"I don't know why we are here, but I'm pretty sure that it is not in order to enjoy ourselves." Ludwig Wittgenstein

Wednesday, December 2, 2009

The Queen's English

Because of his English parentage—his father was an English-born professor who taught history at UCLA and his mother a West-end Londoner who had scraped her way into the journalism profession and had written for the Guardian, before marrying Buck’s father and moving to LA---Buck had the faint accent of someone who sounded like they grew up in California, but who occasionally let slip a phrase in “the received pronunciation,” the Queen’s English.

Occasionally, while traveling, Buck had been mistaken for a Brit or in some cases, a Canadian.

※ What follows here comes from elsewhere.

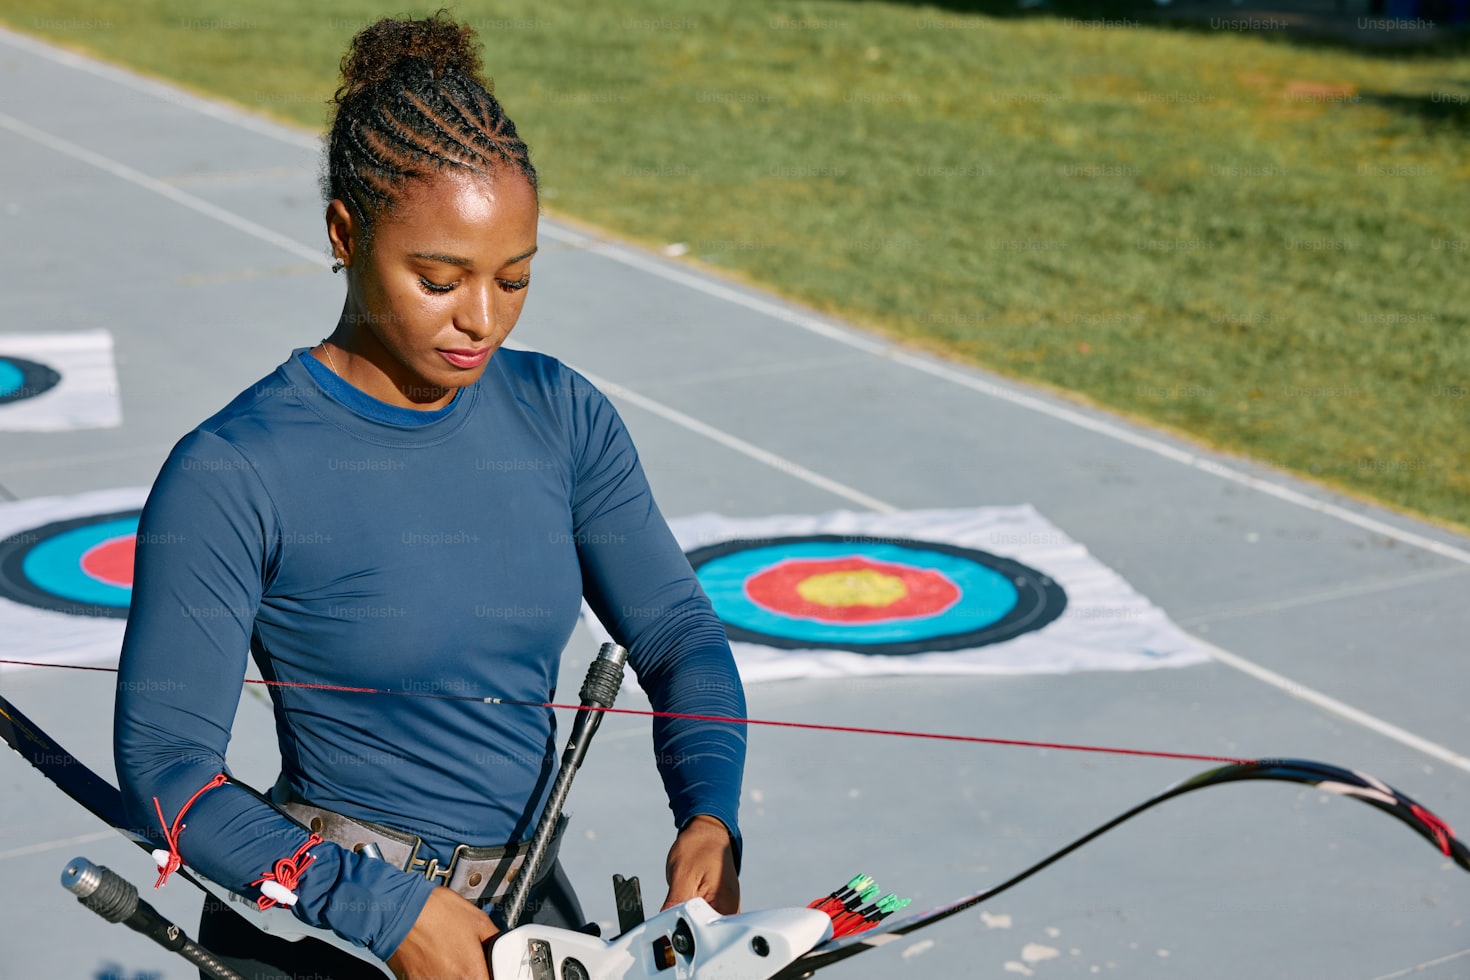 A person getting their bow ready for archery training
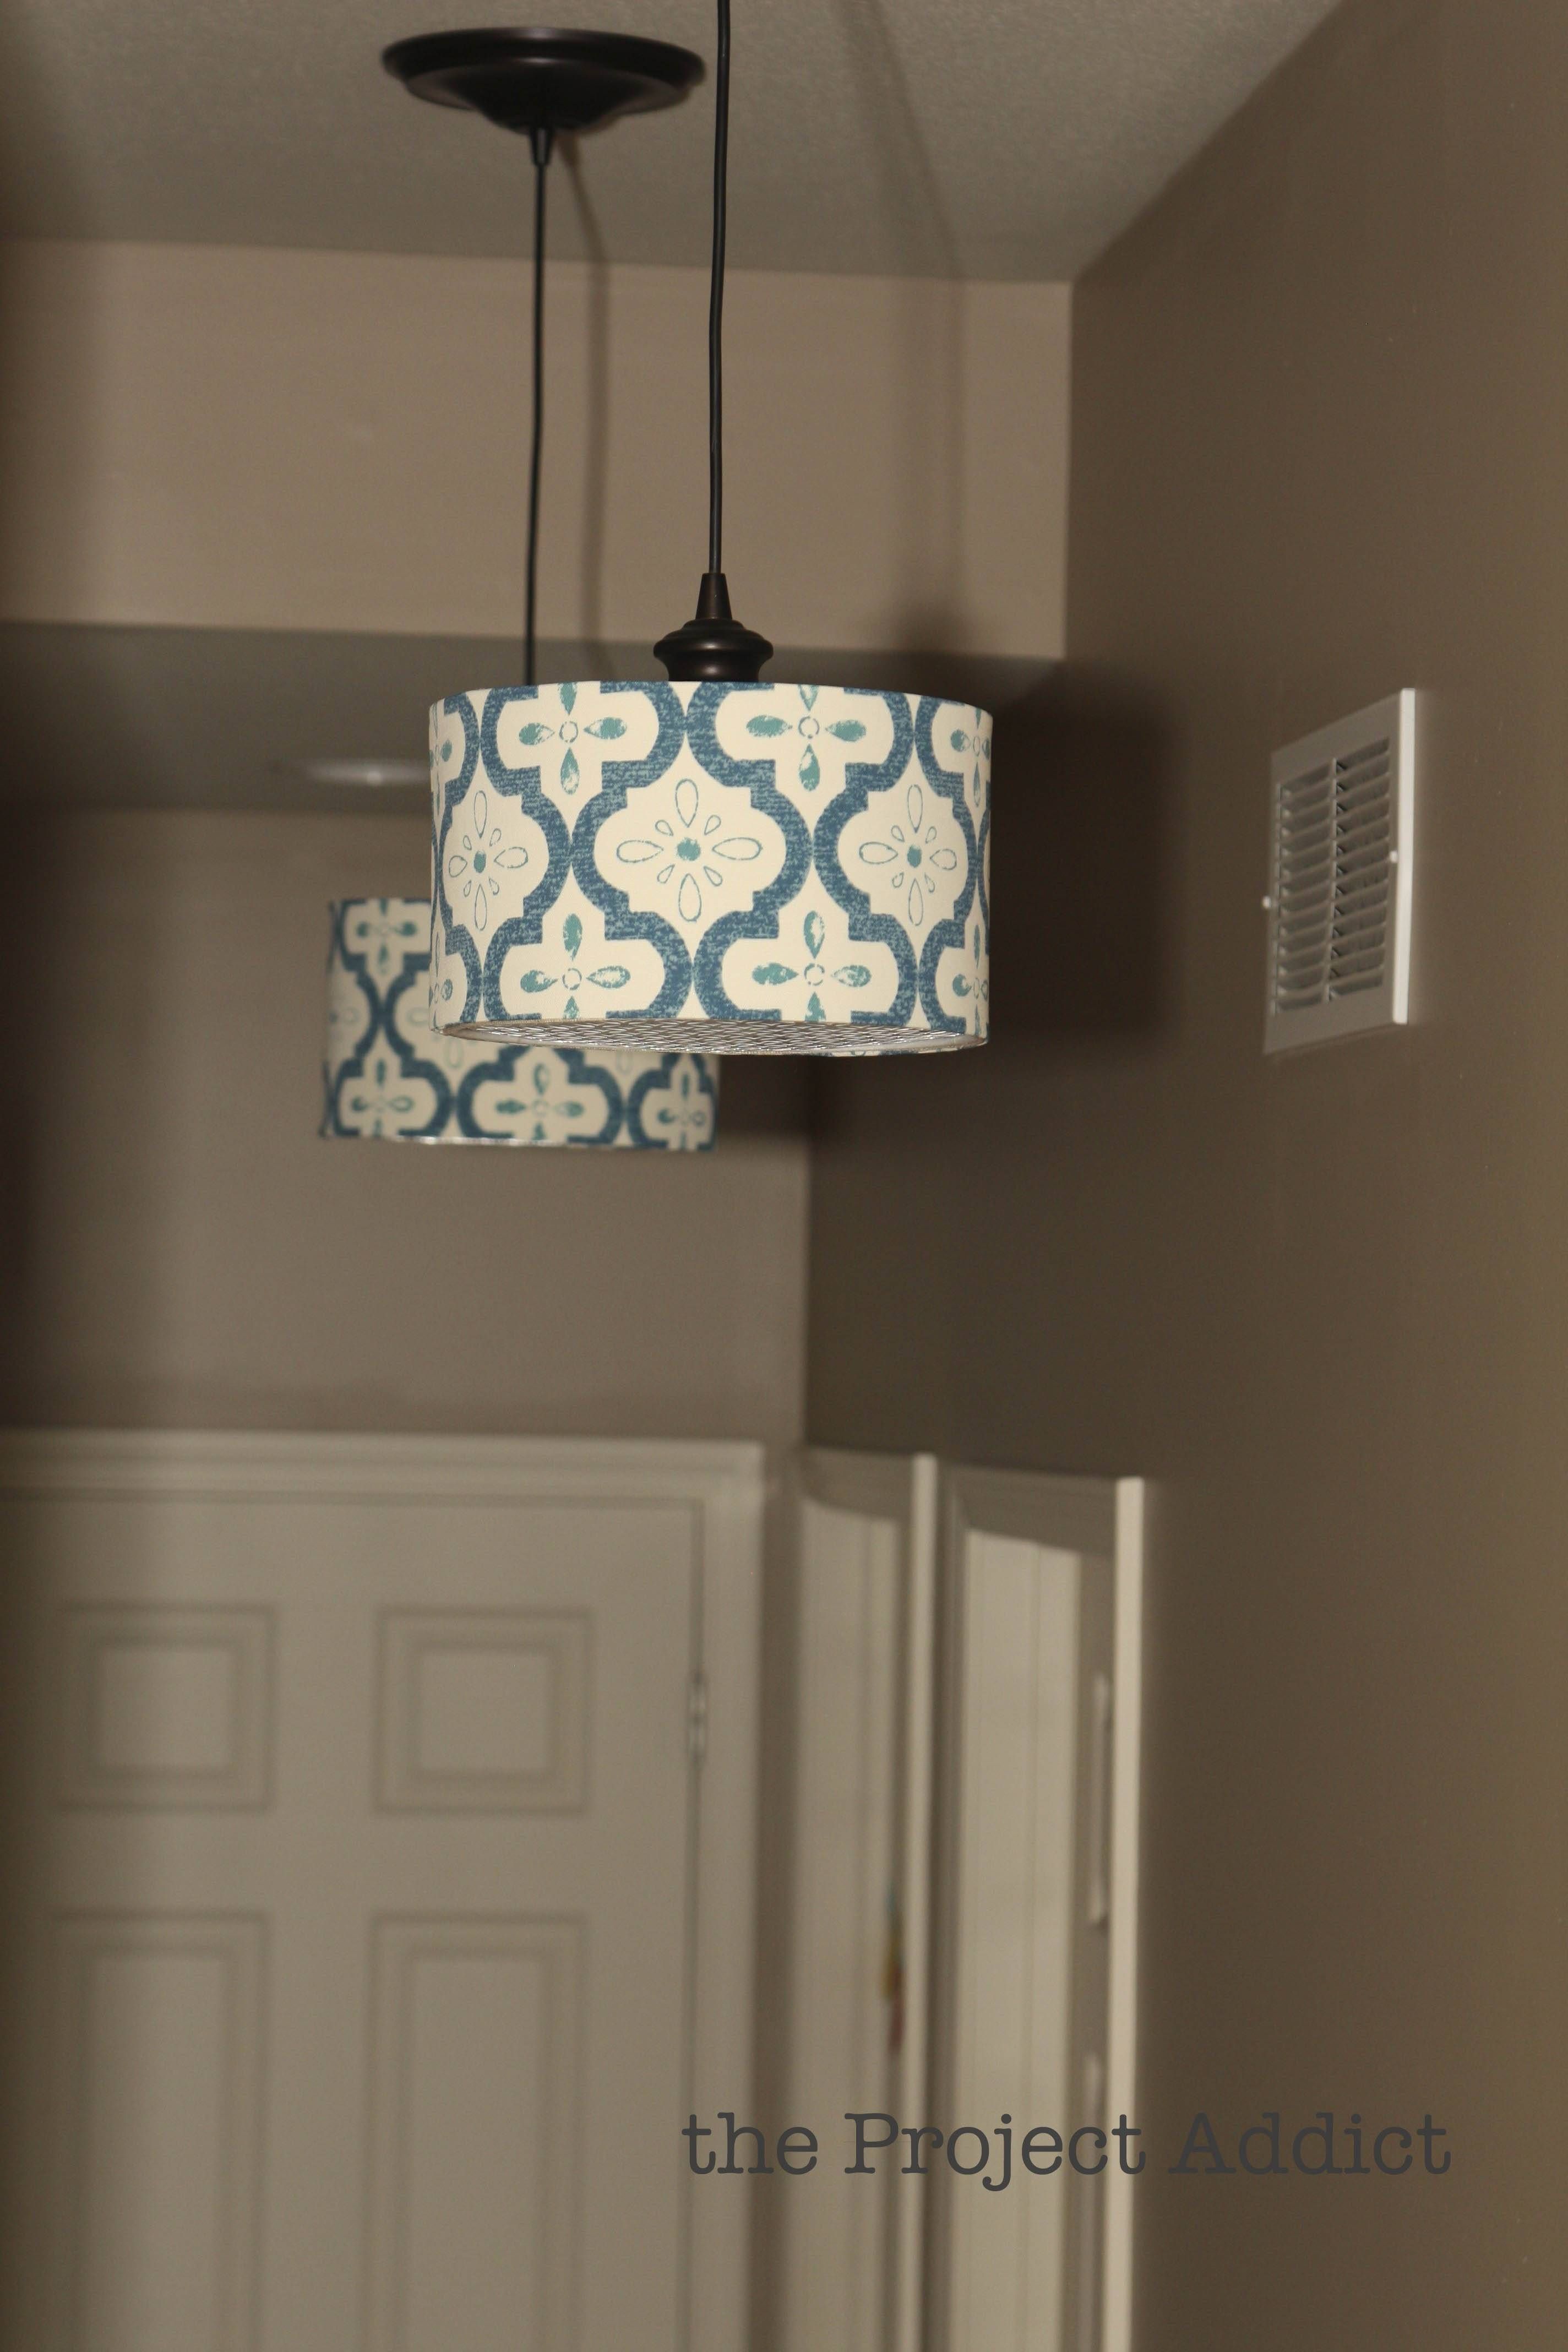 Decorating: Appealing Recessed Light Conversion Kit For Ceiling For Recessed Light To Pendant Lights (View 11 of 15)

The latter mistake, on one occasion, had saved his life, when he had been on assignment in a region of the world where American journalists were universally thought to be agents of the CIA.

From time to time, Buck unconsciously let slip a word or a phrase that made him sound as if he were an announcer on the BBC. And oddly, he occasionally heard others speak, as if they too, were speaking to him with an English accent, when in fact they weren’t--he listened with an "English ear”

This would explain why, when he called Jackie to ask her for a second date—preferably one not involving auto theft----he wasn’t sure if Jackie had said, “I warned you” or if she had said, “I want you.”